In Mack v. Equable Ascent Financial, L.L.C., the Fifth Circuit ruled the consumer’s suit was barred under the Fair Credit Reporting Act’s two-year statute of limitations.  Rejecting the plaintiff’s claim that the statute does not begin to run when the consumer discovers the facts that constitute the legal violation, the Court of Appeals held that the limitations period begins to run when a claimant discovers facts that give rise to the claim.

Plaintiff claimed that defendant obtained his credit reporting without a permissible purpose in violation of section 1681b of the FCRA.  In discovery, plaintiff admitted that his claims were based on a credit report he received in 2009 – more than two years before filing suit.  Nonetheless, he argued that “he did not become aware of the actual violation” of 1681b until April 2011, when he researched the FCRA, examined his credit report again, and as a result “discovered the violation.”

A claim under the FCRA must be brought in federal district court not later than “2 years after the date of discovery by the plaintiff of the violation that is the basis for such liability or 5 years from the date on which the cause of action arose, whichever is earlier.”  15 U.S.C. § 1681p (emphasis added).  The Fifth Circuit considered the 2003 amendment to section 1681p in rejecting the plaintiff’s claim that he could not have “discovered the violation until he researched the statute.”  According to the Court of Appeals, the “material difference” between the current and pre-2003 version of 1681p “is that the prior version did not contain a discovery rule for claims that did not involve misrepresentations whereas the current version contains a discovery rule for all claims.  Moreover, the plain language of the current version states that the relevant discovery is that of the violation that is the basis for liability.”
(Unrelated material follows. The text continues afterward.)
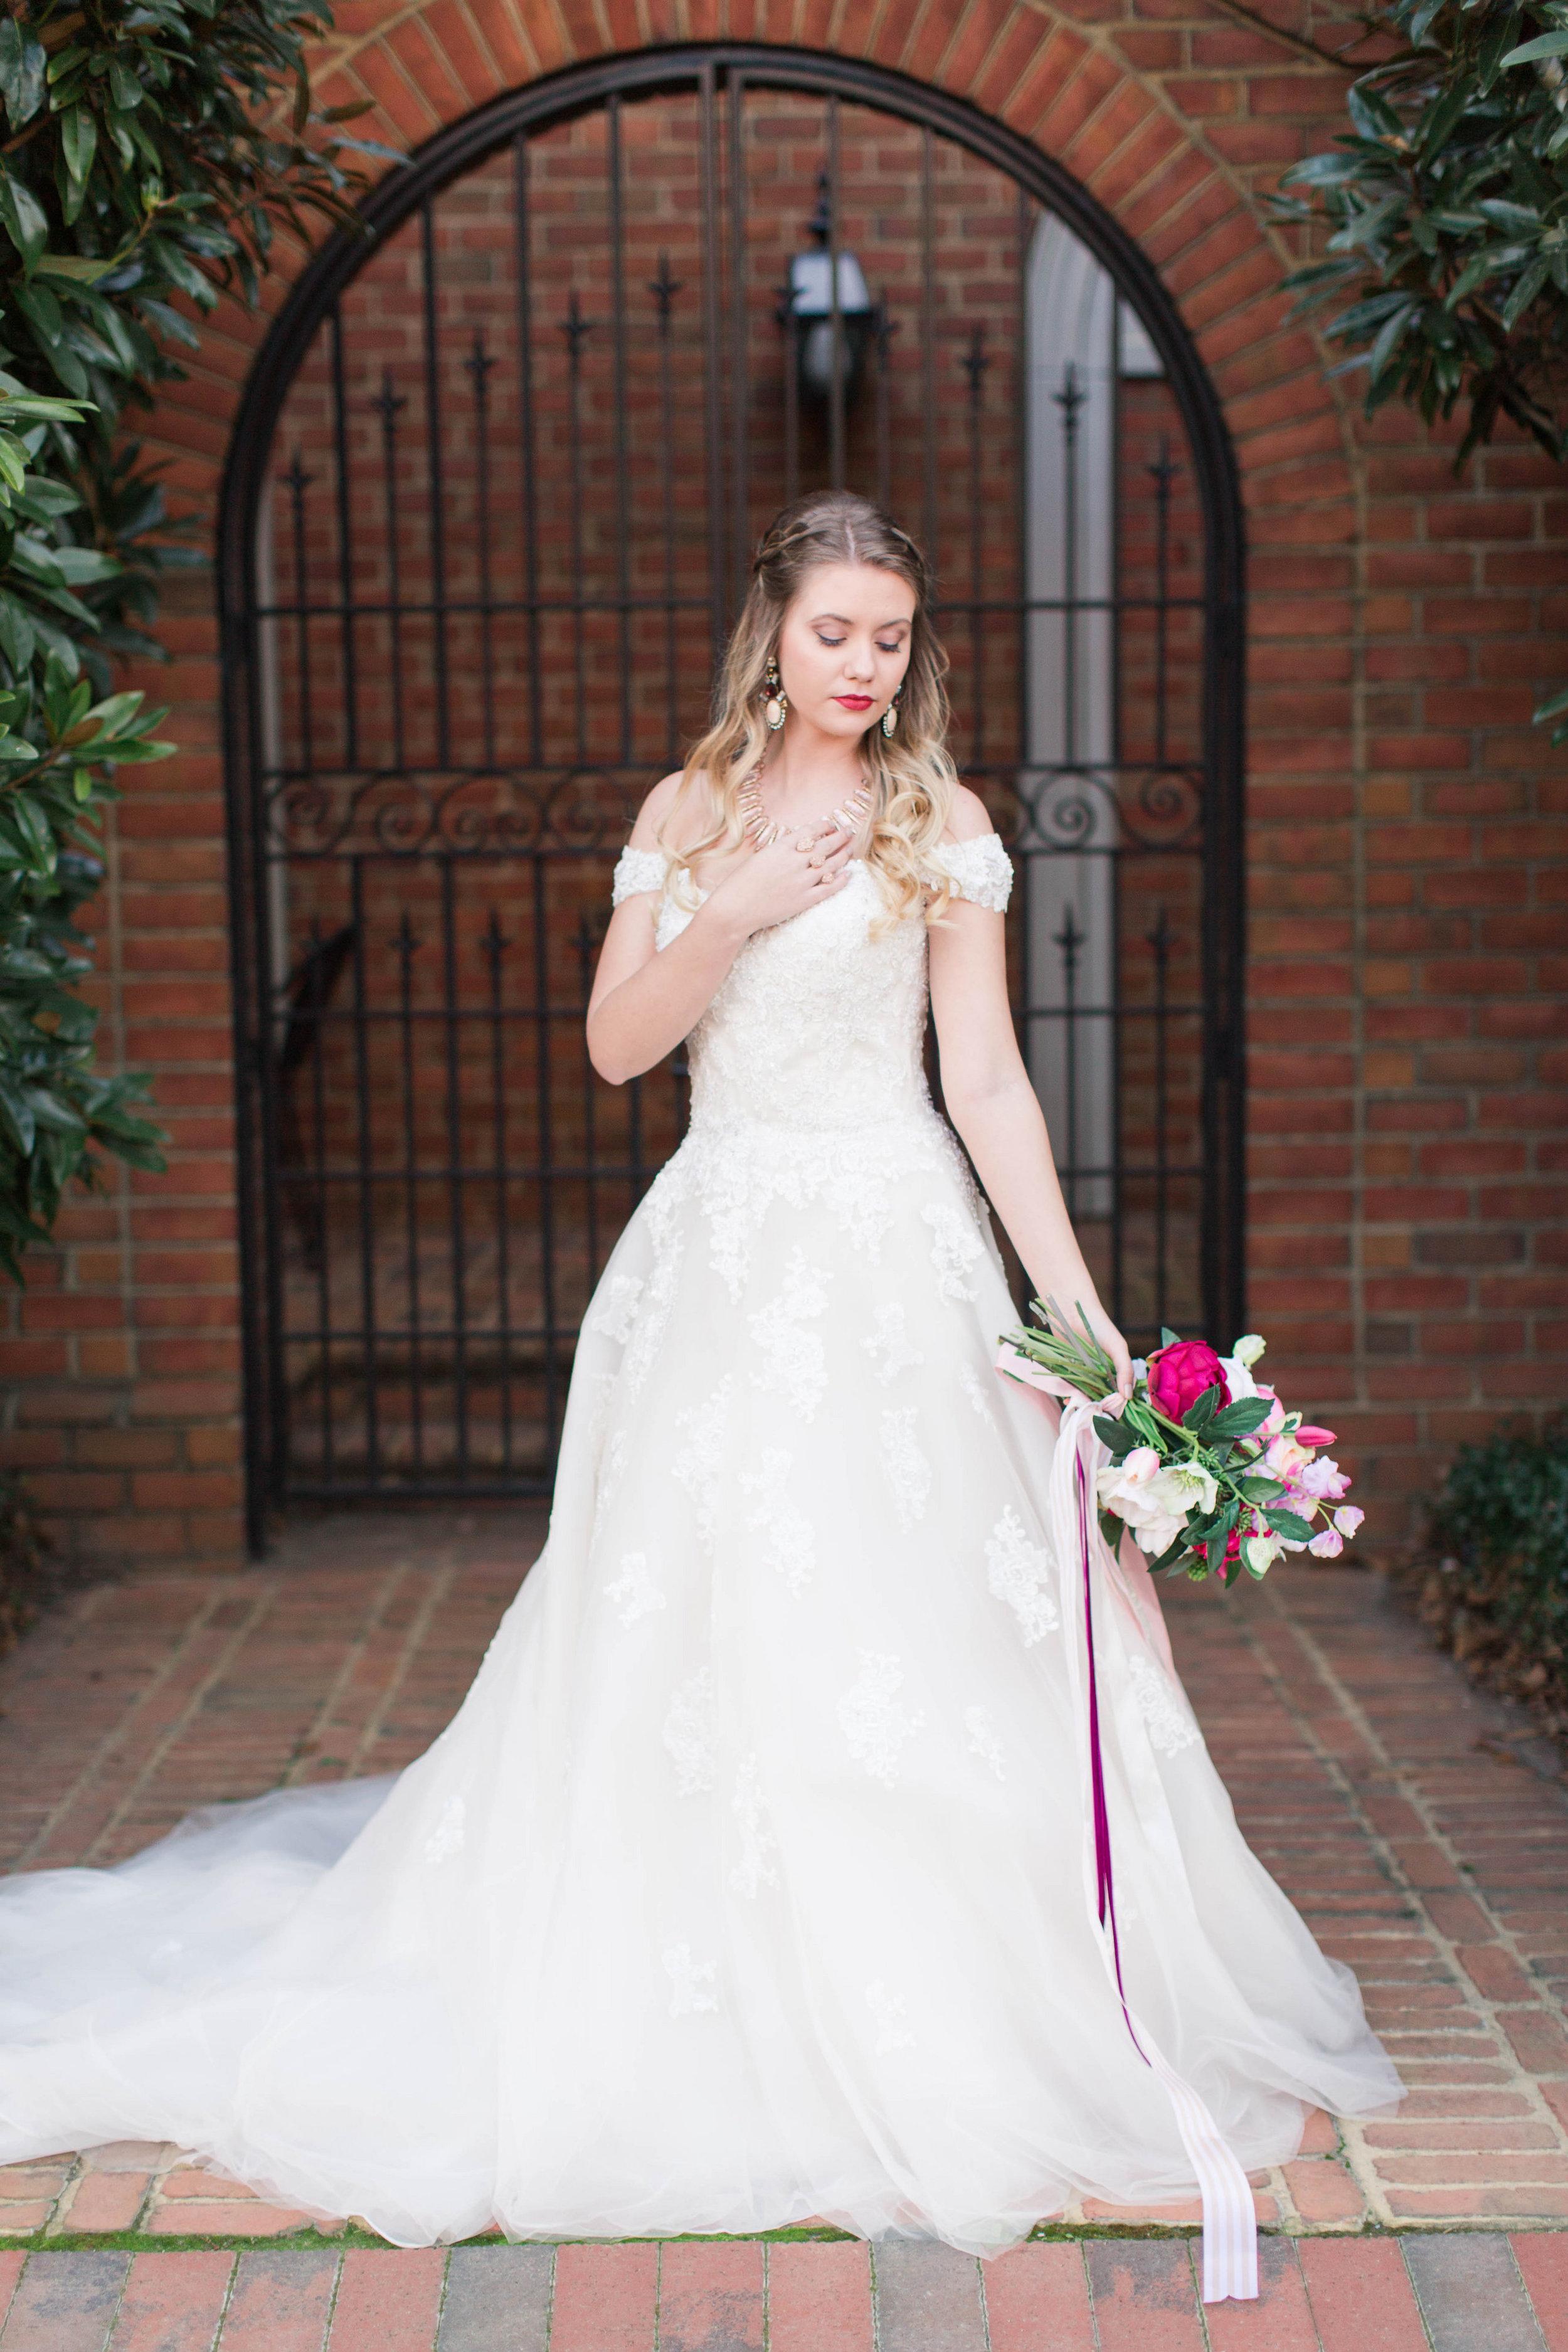 afloral-fake-flower-wedding-ivory-and-beau-bridal-boutique-maggie-sottero-saffron-the-hall-on-vine-wedding-statesboro-wedding-savannah-wedding-kristian-designs-rachel-strickland-photography-savannah-bridal-southern-bride-savannah-bride-4.jpg
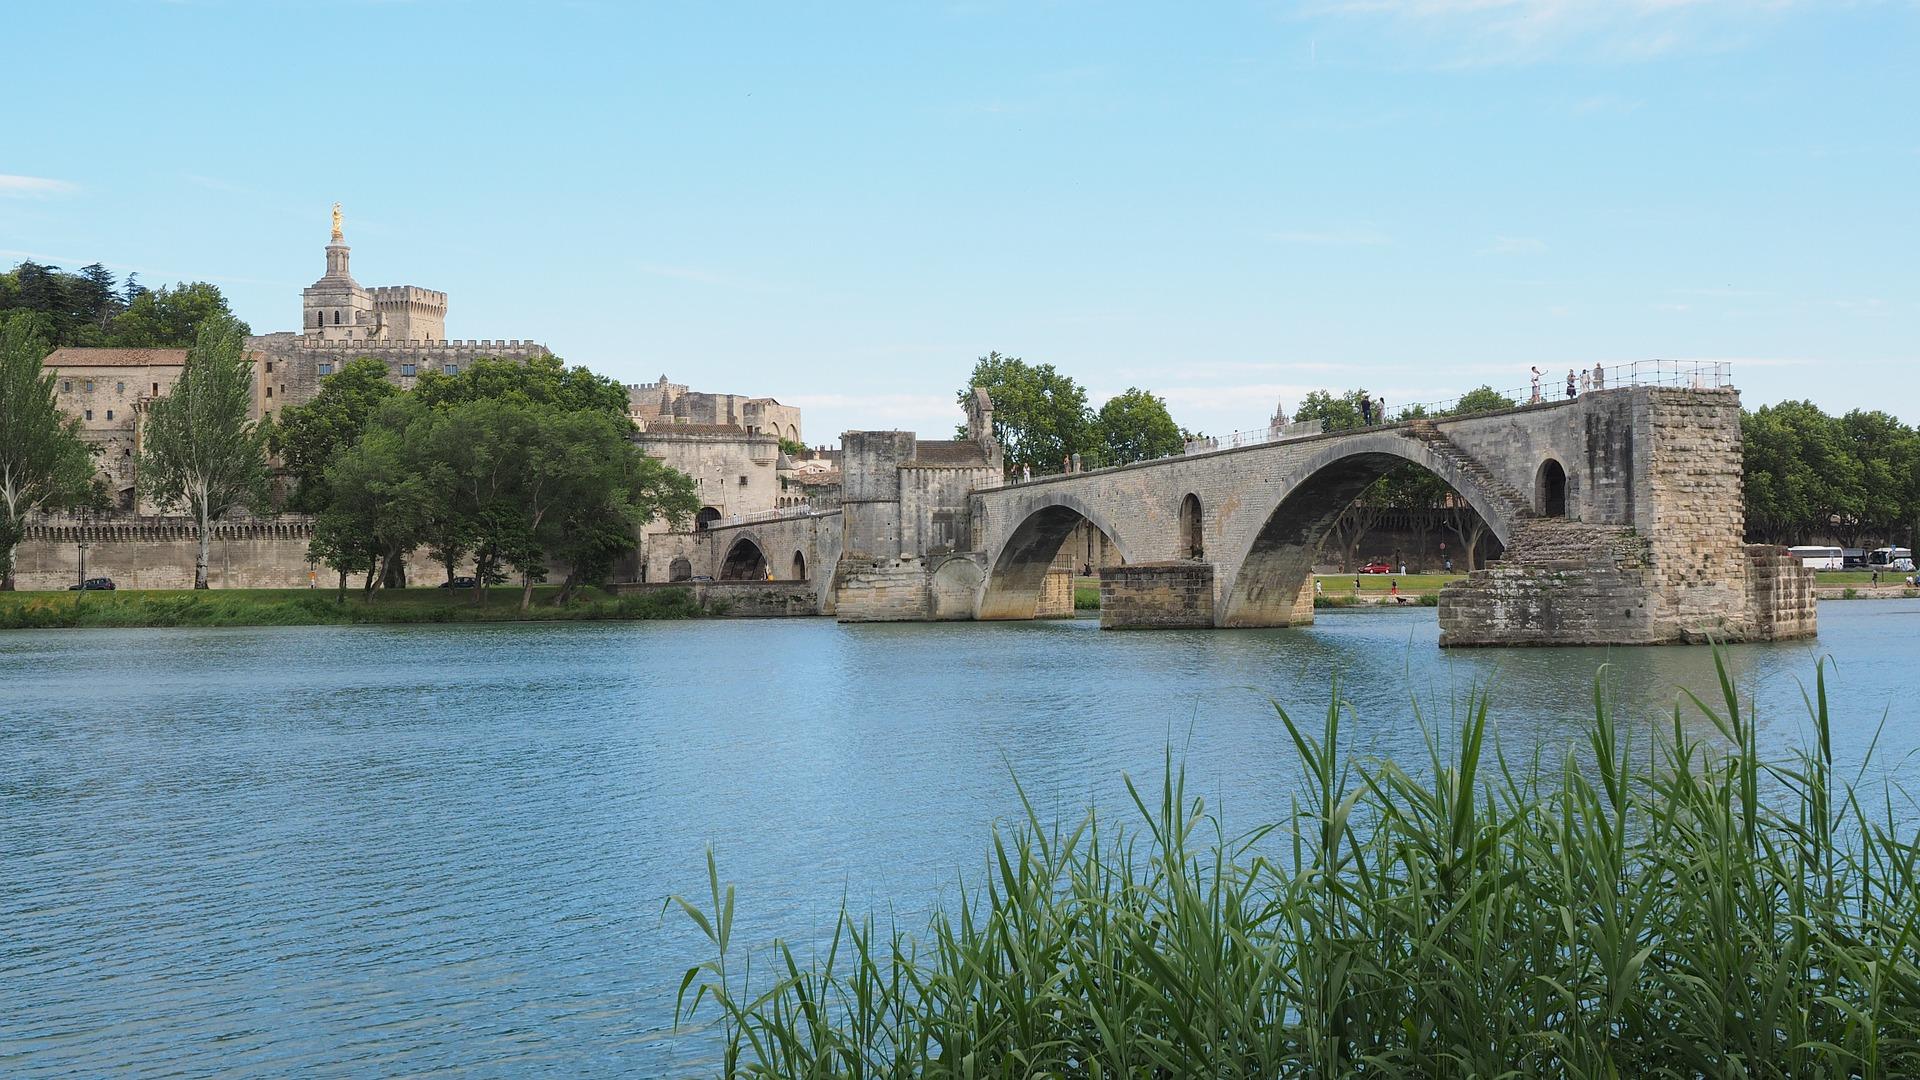 pont-saint-benezet-1521553_1920

Based on its interpretation of the 2003 amendment to 1681p, the Fifth Circuit held that the limitations period began to run when the consumer “discovered” the defendant had obtained his credit reporting because these facts gave rise to his claim.  Moreover, the Court noted a ruling adopting the consumer’s interpretation of the FCRA’s statute of limitations “would indefinitely extend the limitations period.”  While the Court of Appeals claimed this interpretation was compatible with its previous decisions involving the FCRA’s statute of limitations, this is difficult to reconcile with its decision analogizing a FCRA violation to a claim for defamation where each re-publication of wrongful information constitutes a new tort.

Presently, there is a split among courts as to when the FCRA statute of limitations begins to run, in particular whether the submission of a new dispute to a credit bureau on the same issue can restart the two-year limitations period.  For example, some courts hold that each time a furnisher responds to an indirect dispute (i.e., submits an ACDV response), the statute starts to run from the time that the consumer discovers that the response is not correct – these courts interpret the language “the violation” in 1681p to mean each failure to conduct a reasonable investigation in response to a dispute, thus each re-report of inaccurate information is a separate violation.  Other courts have held that “the violation” means including something in the consumer’s credit file that is erroneous, so the statute cannot be triggered again and again over time.  These courts also adopt the equitable view, now the law in the Fifth Circuit, that allowing each response to an ACDV to start a new limitations period would indefinitely extend the limitations period and render it meaningless.  Going forward, consumer reporting agencies, furnishers, and users should be aware of this split over the application of the FCRA’s statute of limitations and pursue this affirmative defense where applicable.